Managing that complexity requires tools that can accommodate the depth and breadth of relevant regulations and all their nuances. Spreadsheets, however, make it difficult from the start. Consider simply importing data from all groups. Even if the initial data transfer was flawless, post-import manual adjustments often never get updated in Excel at all. For example, RVUs not tracked in the EHR may never be manually tracked and keyed into Excel.  

Interoperability—integrating the compensation management platform directly with other systems, like the EMR and payroll—solves this problem. If the system encounters potential exceptions in the data, it can outright disallow them and/or automatically flag potential violations before they occur, allowing for proactive risk management.  

Compensation-related compliance risks are further complicated by the accelerating transition into value-based care models. A purpose-built compensation management tool, like Heisenberg II PC, can offer real-time updates, audit trails, or role-based access control—all critical features for maintaining compliance in a changing landscape where inadvertent errors can lead to significant penalties. 

The Compliance Landscape in Workforce Management 

Workforce management offers no less of a labyrinth of labor laws, accreditation requirements (like tracking expired credentials), and clinical licensure standards. Systems and processes for tracking these items are, again, either manual and/or housed in a system limited to one department or function. 

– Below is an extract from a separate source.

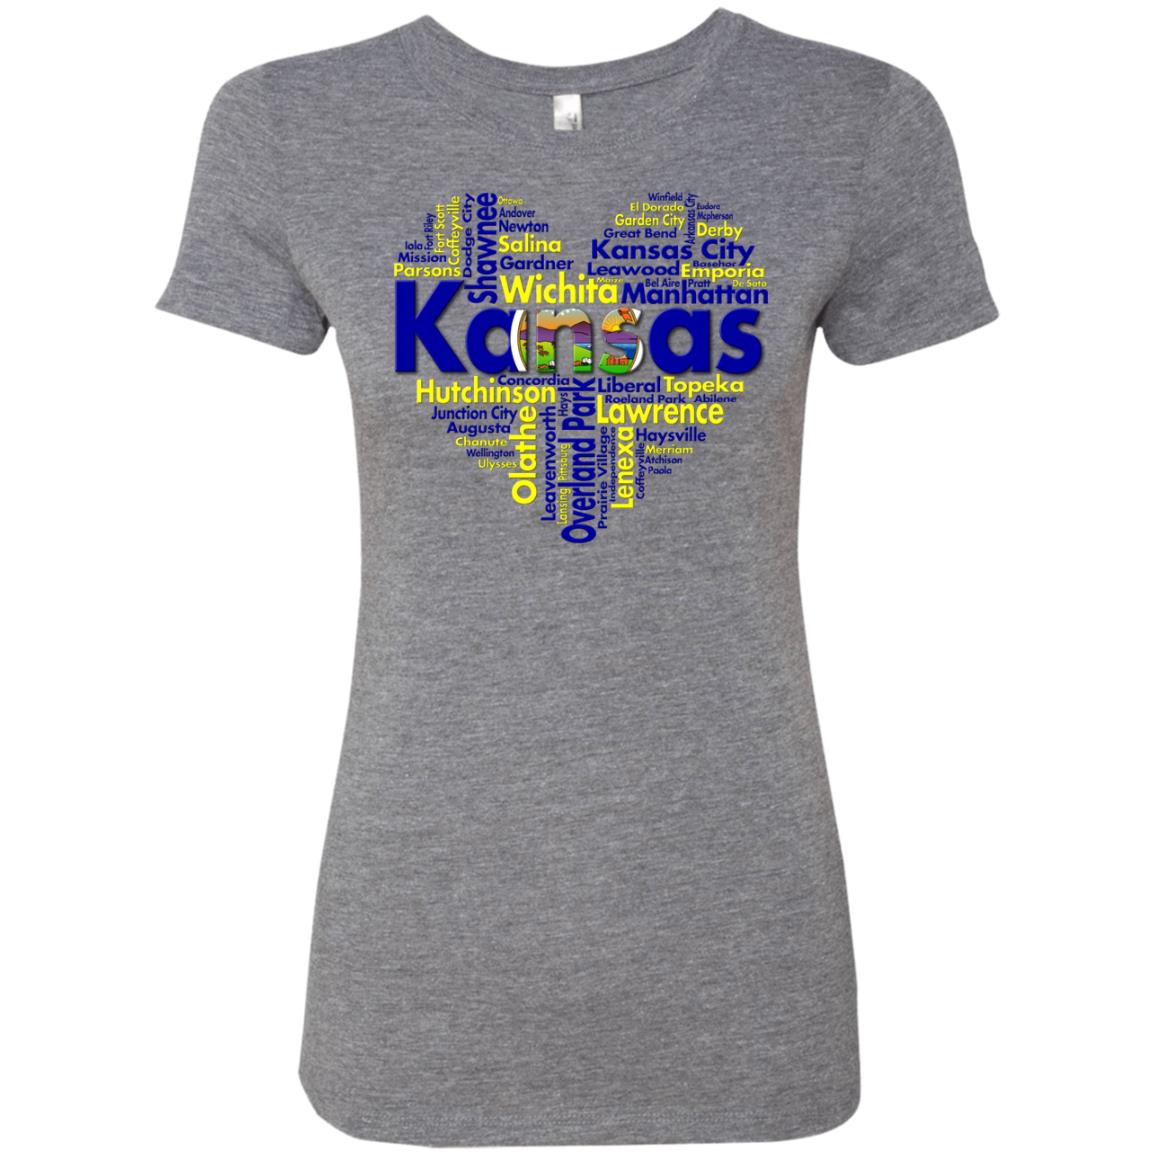 Kansas City Heart T Shirt - T-shirt Teezalo

Worse, the data is rarely available to the frontline manager in real-time at the moment of scheduling, so decisions that fall afoul of regulatory requirements can easily get made in the heat of the moment. Managing qualifications, shifts, overtime, and labor costs thus becomes an exercise in complexity that Excel spreadsheets are ill-equipped to handle. That also imposes a compliance burden unless the platform used, like Einstein II, can handle credentialing to make sure labor is both fully vetted and a good fit for staffing needs. 

Here too, the purpose-built platform can leverage a combination of interoperability, automation, and intelligent decision-making. By integrating staffing, onboarding, scheduling, invoicing/billing, and compliance management together in a single source of truth system, the technology can reduce the manual burden, minimizing both the risk of human error and FTE hours among administrators. 

Conclusion 

In short, the risks of persisting with outdated tools are too significant to ignore, making the adoption of digital healthcare solutions not just a preference, but a necessity. Purpose-built technology platforms like Heisenberg II and Einstein II offer healthcare organizations the tools to manage provider compensation and the workforce effectively while rigorously meeting compliance and risk management mandates. Such platforms can meet and tame the complexity of compliance in the healthcare space. By investing in these advanced systems, the organization can be confident that every function and transaction is executed accurately with as little legal risk as possible.